- Cantabrian Mountains
Cantabrian Mountains Spanish: Cordillera Cantábrica RangeThe Picos de Europa overlooking the village of Sotres, in Cabrales Named for: Cantabria Country Spain Communities Basque Country, Castile and León,
Borders on Pyrenees, Galicia Highest point Torre de Cerredo - elevation 2,648 m (8,688 ft) - coordinates Length 300 km (186 mi), WE Width 50 km (31 mi), NS Geology limestone
The Cantabrian Mountains or Cantabrian Range (Spanish: Cordillera Cantábrica) are one of the main systems of mountain ranges in Spain. They extend for more than approximately 180 miles (300 km) across northern Spain, from the western limit of the Pyrenees to the edges of the Galician Massif close to Galicia, along the coast of the Cantabrian Sea. The Cantabrian Mountains offer a wide range of trails for hiking, as well as many challenging climbing routes. Skiing is possible in the ski resorts of Alto Campoo, Valgrande-Pajares and Manzaneda.

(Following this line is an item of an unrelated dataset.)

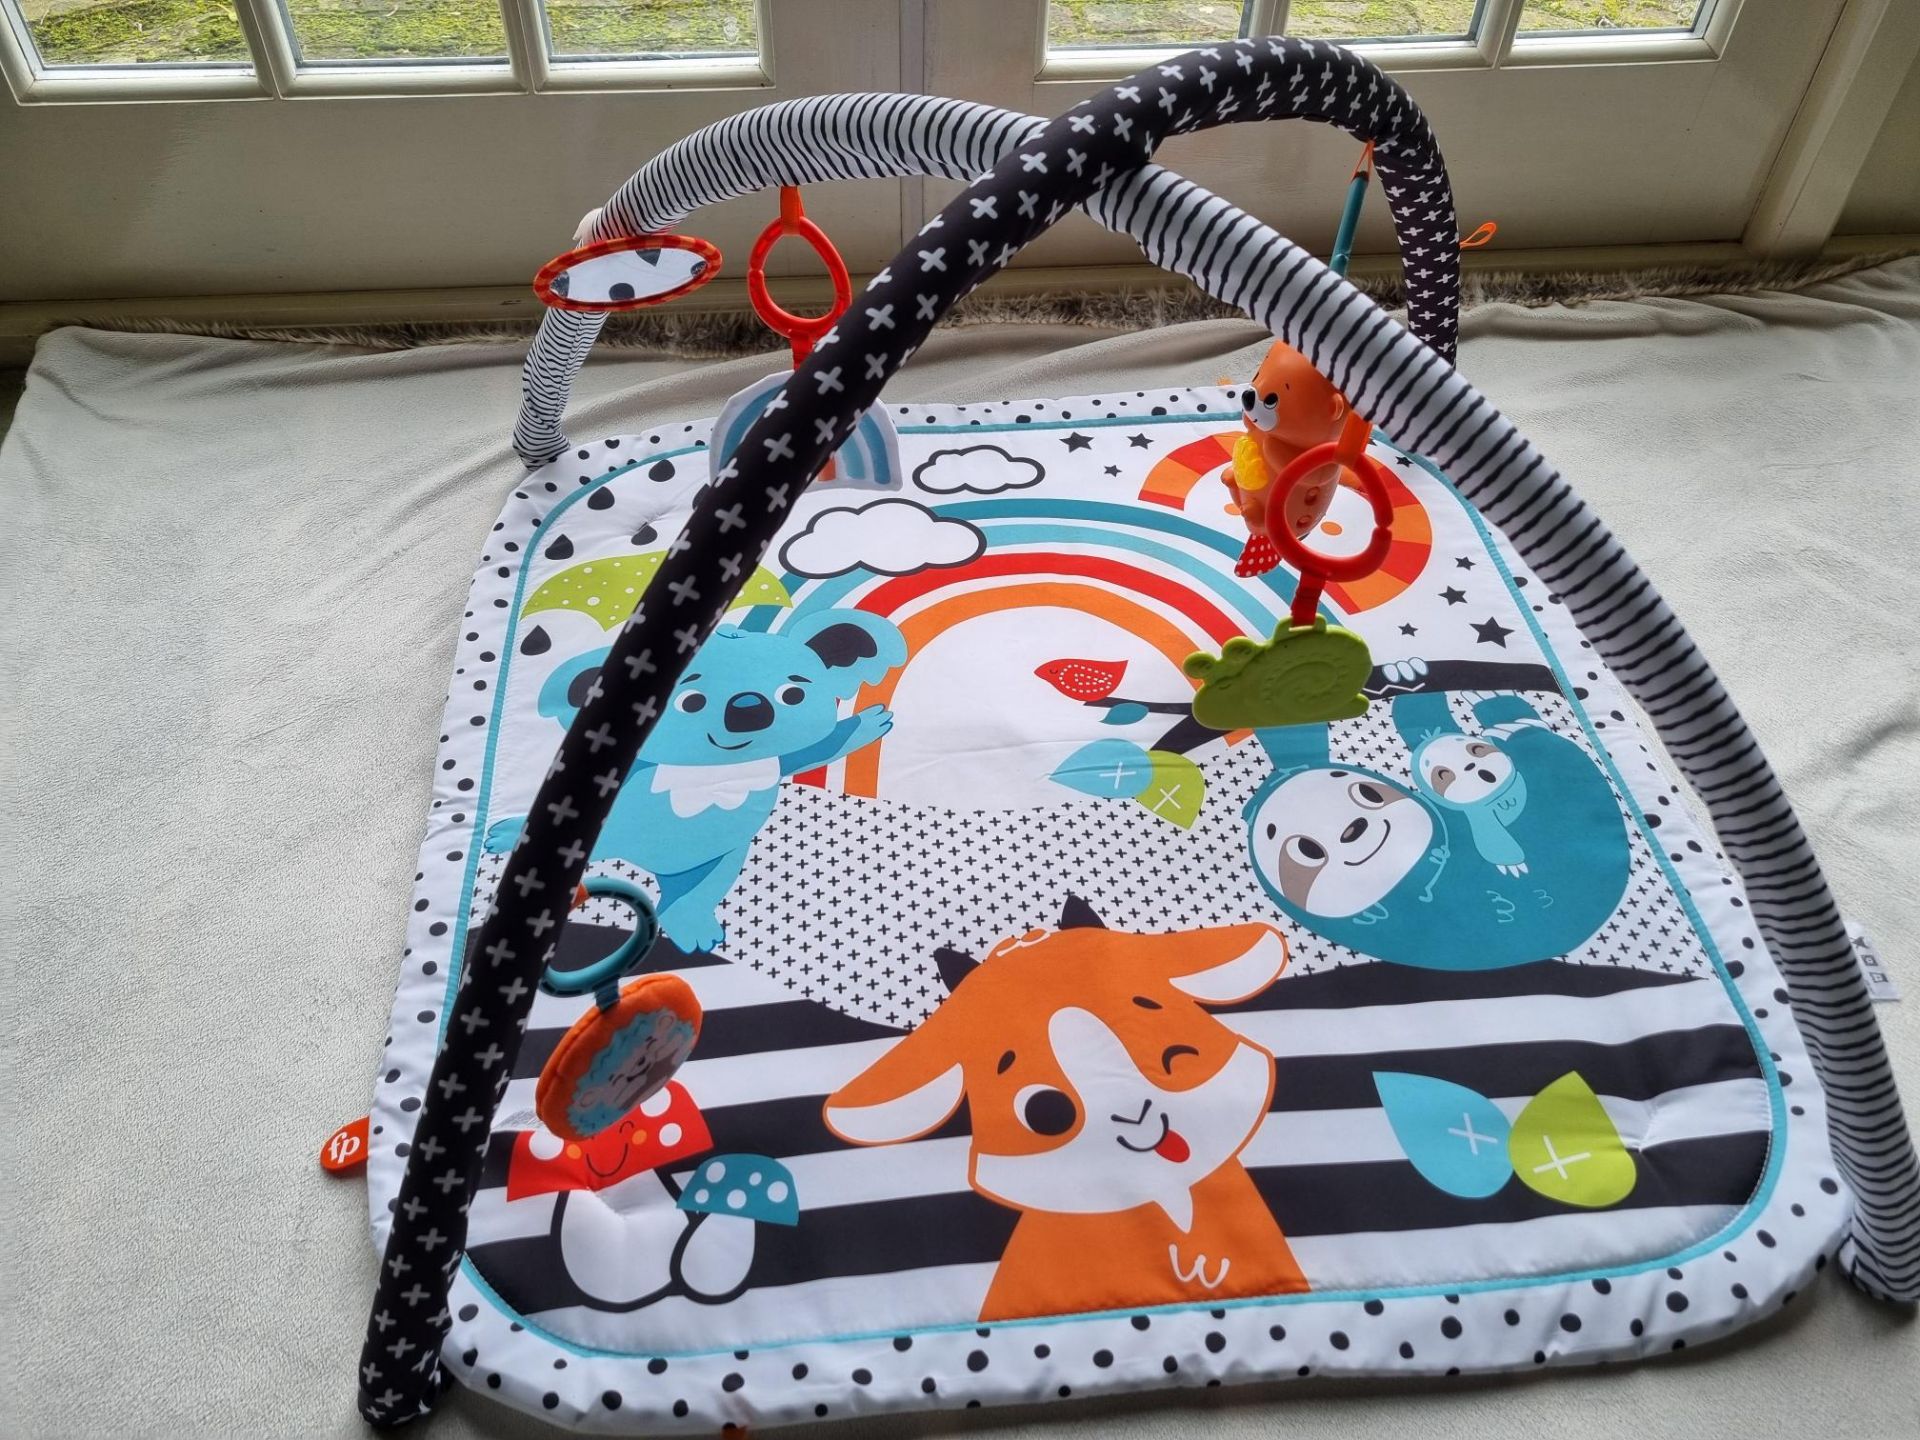 Hauck Disney Pushchair Travel System, Highchair, Tommee Tippee bottle warmer and case, playmat, toys - Image 20 of 24

The Cantabrian Mountains stretch east-west, nearly parallel to the sea, as far as the pass of Leitariegos, also extending south between León and Galicia. The range's western boundary is marked by the valley of the river Miño (Portuguese: Minho), by the lower Sil, which flows into the Miño, and by the Cabrera River, a small tributary of the Sil.
As a whole, the Cantabrian Mountains are remarkable for their intricate ramifications, but almost everywhere, and especially in the east, it is possible to distinguish two principal ranges, from which the lesser ridges and mountain masses radiate. One range, or series of ranges, closely follows the outline of the coast; the other, which is loftier, forms the northern limit of the great tableland of Castile and León, and is sometimes regarded as a continuation of the Pyrenees. The coastal range rises in, some parts sheer above the sea, and everywhere has so abrupt a declivity that the streams which flow seaward are all short and swift.
The descent from the southern range to the high plateaux of Castile is more gradual, and several large rivers, notably the Ebro, rise here and flow to the south or west. The breadth of the Cantabrian chain, with all its ramifications, increases from about 60 m; in the east to about 115 m in the west. Many peaks are over 6000 ft high, but the greatest altitudes are attained in the central ridges on the borders of León, Asturias, Palencia and Cantabria. Here are the highest peak Torre de Cerredo (8,688 ft), Peña Vieja (8,579 ft), Peña Prieta (8,304 ft) and Espigüete (7,898 ft); an unnamed summit in the Picos de Europa, to which range the Peña Vieja also belongs, rises on the right bank of the Sella to a height of 8,045 ft; further west the peaks of Manpodres, Peña Ubiña, Peña Rubia and Cuiña all exceed 7,000 ft. A conspicuous feature of the chain, as of the adjacent tableland, is the number of its parameras, isolated plateaus shut in by lofty mountains or even by precipitous walls of rock.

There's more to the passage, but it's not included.